First point I thought of after I posted, with the obligatory s#!+.Zarathustra wrote:One more point on the operating systems ... I know that people get annoyed with patches and updates. But think about that *free* service which Microsoft provides (without the government forcing them to do it). Do you know any other product in the history of mankind that is continuously updated and made better at no cost and hardly any effort on the part of the consumer? There is no warrantee to fill out, no product to ship back and get repaired. Microsoft will *automatically* update a product which you purchased years ago! Imagine if your car came with such a service, where the manufacturer came over to your house and repaired it for you at no charge while you slept ... for problems that you didn't even know about.
This service was not mandated by the government. And it's not necessarily evidence of an inferior product to begin with ... patches are often released because of 1000s of hackers around the planet are trying to make our lives miserable. It would be like an onslaught of car vandalism running through everyone's neighborhoods and the manufacturers coming out to defend this product you bought years ago.

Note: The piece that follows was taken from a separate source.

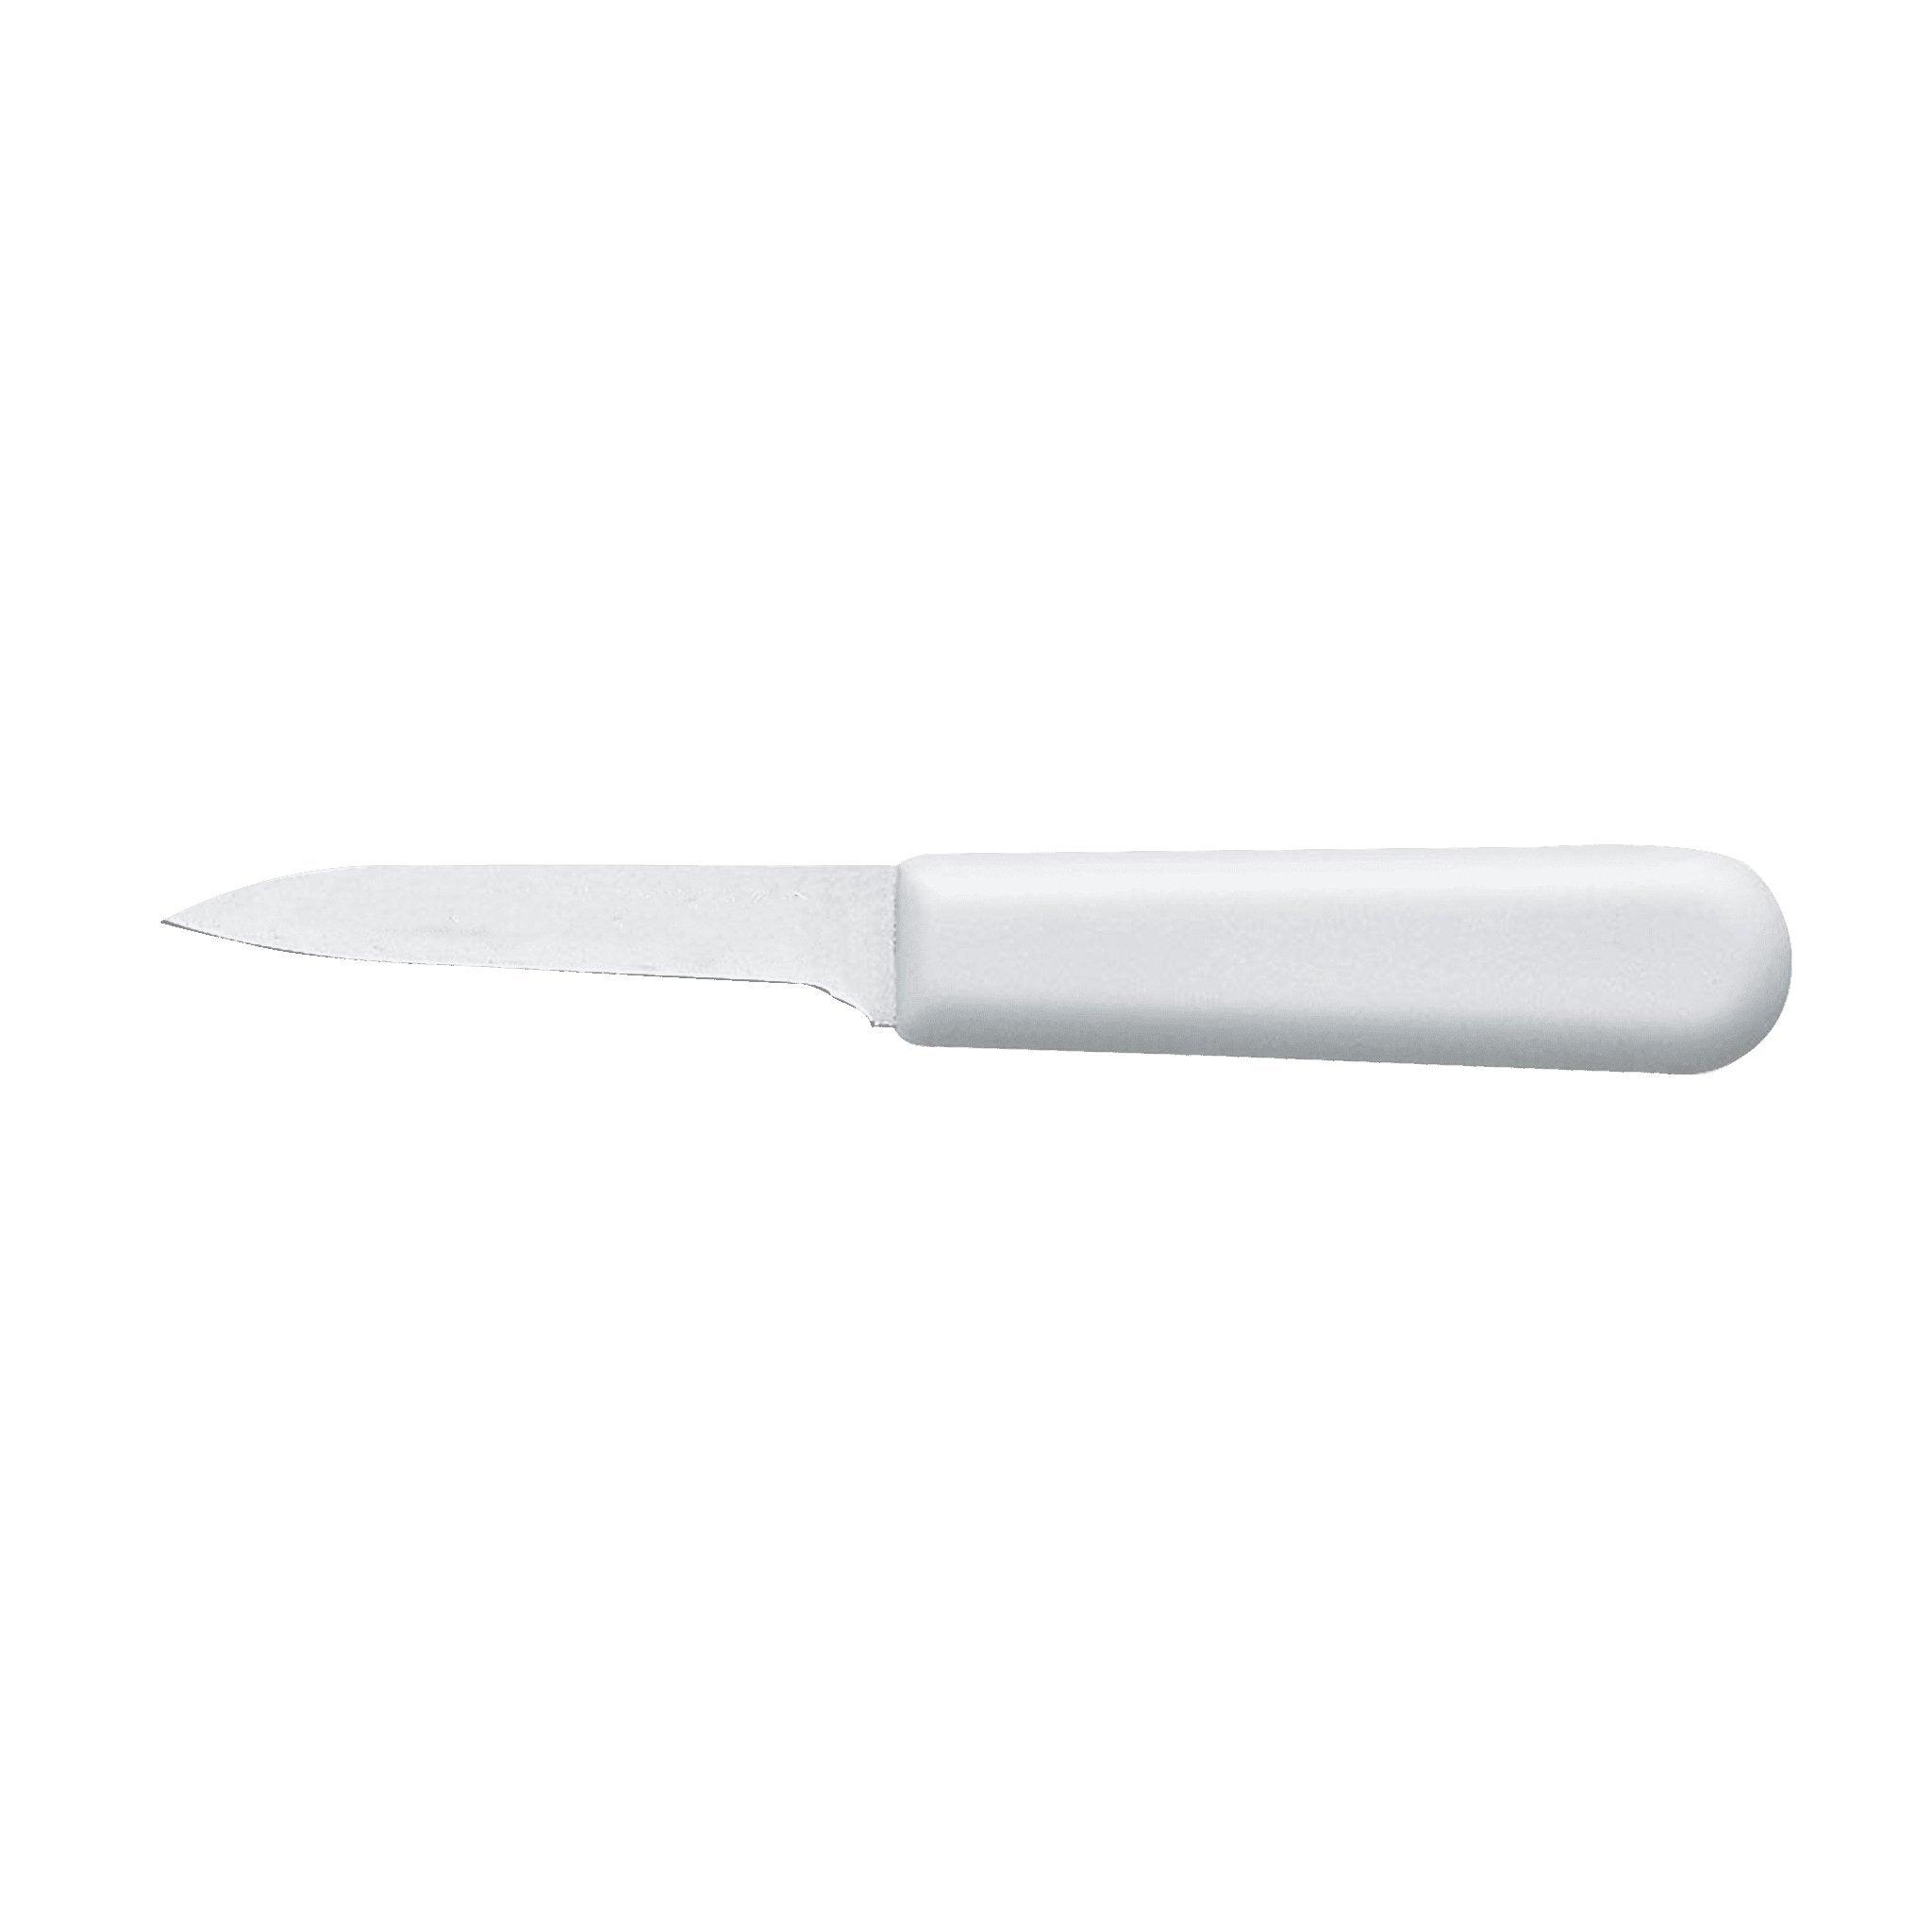 Paring Knife - Matuska Taxidermy Supply Company

They don't have to do it. It's an amazing service. And yet people still gripe about it and use it as evidence that the free market sucks. I don't get it.
***Edit***
I never claimed that the market could function with zero regulation, so there is no burden of proof on me to back up that claim. Your claim was a general, absolutist claim, phrased in a way that could be falsified with a single counter example.How about you show me an example devoid of any government regulation, Z? Why don't you show me an example of product development that appeared completely through market forces without any government involvement and show that as time in that development went on through competition, that product got better. If you really want to disprove me, do that.
I never claimed either that an economy functions best with zero competition.
Besides, as a structural point (because it seems we agree on more then we've let on but found ourselves on opposite sides of a spectrum somehow) To falsify a general, absolutist claim, wouldn't you require a contradictory general, absolutist claim?